> _Problem details_: The lines from the one containing "F=56kN W=36N" through the end of the entries are what to output; reproduce them exactly and add nothing.

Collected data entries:
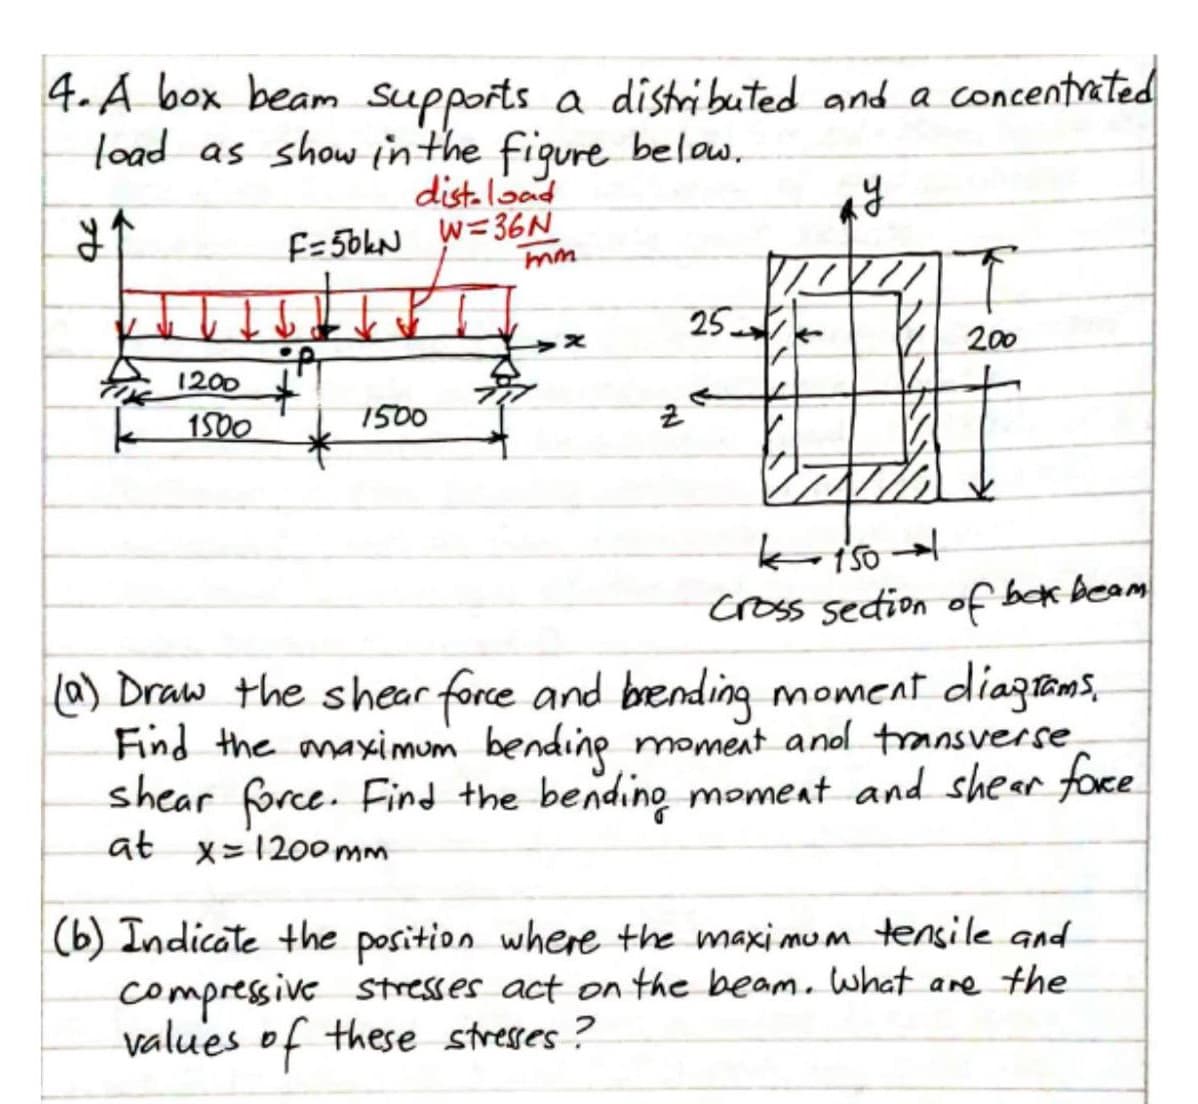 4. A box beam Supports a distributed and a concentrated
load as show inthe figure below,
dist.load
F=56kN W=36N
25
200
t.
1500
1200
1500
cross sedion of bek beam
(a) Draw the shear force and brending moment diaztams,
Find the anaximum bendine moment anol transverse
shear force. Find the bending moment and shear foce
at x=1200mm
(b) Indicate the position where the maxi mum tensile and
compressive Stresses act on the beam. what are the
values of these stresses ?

> _Reply to the task_:
F=56kN W=36N
25
200
t.
1500
1200
1500
cross sedion of bek beam
(a) Draw the shear force and brending moment diaztams,
Find the anaximum bendine moment anol transverse
shear force. Find the bending moment and shear foce
at x=1200mm
(b) Indicate the position where the maxi mum tensile and
compressive Stresses act on the beam. what are the
values of these stresses ?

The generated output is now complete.